= William H. P. Denny =

American politician

William H. P. Denny (June 3, 1811 – September 29, 1890) was an American newspaper editor and publisher, and politician, in Ohio.

William was the son of George Denny (died September 22, 1823) and Sarah Higgins (died September 22, 1823), both of whom died on the evening of the same day. George Denny worked as a printer on the same newspaper where William was serving as an apprentice - The Western Star in Lebanon, Ohio. From circa 1830, William was a partner in the paper and later owned it outright until 1858. Denny then went to Dayton, Ohio, as publisher of the Dayton Daily and Weekly Gazette.
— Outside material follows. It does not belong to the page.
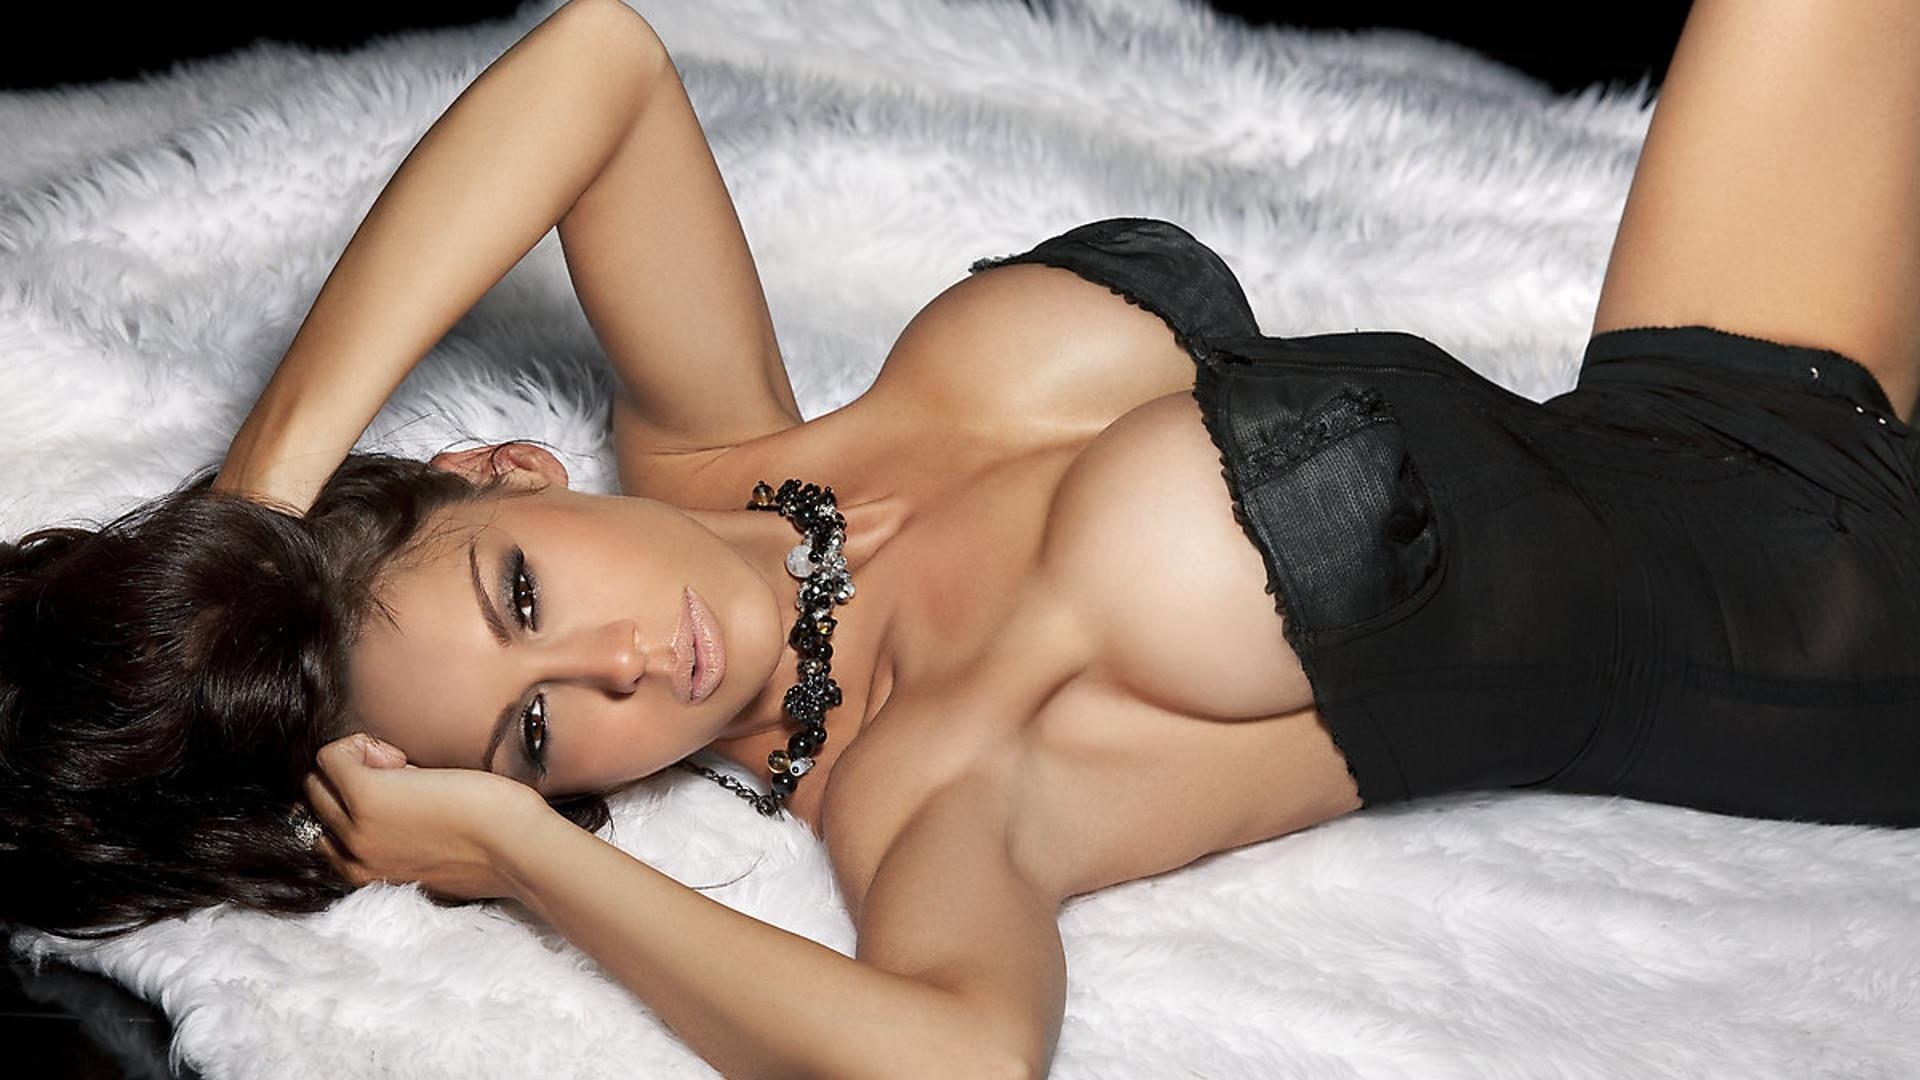 Фото молодых девушек с голой секси грудью соблазн 21 фотография

He then moved to Circleville, Ohio, where he founded the Union and then bought the Wilmington Journal in Wilmington, Ohio. In 1877, he returned to Lebanon where he founded The Lebanon Gazette, selling out by 1880 when he moved to Georgetown, Ohio and founded the Georgetown Gazette. He served as a senator in the 41st and 42nd General Assemblies in 1842 and 1843.

William was married to Orpha Brown (died March 1876), and they had several children. William and Orpha are both buried in the Lebanon Cemetery in Lebanon, Warren County, Ohio (Old Section). William was buried in Lot 180-3 on October 2, 1890, and Orpha was buried in Lot 180-4 on March 18, 1876. William's grave is not marked with a gravestone.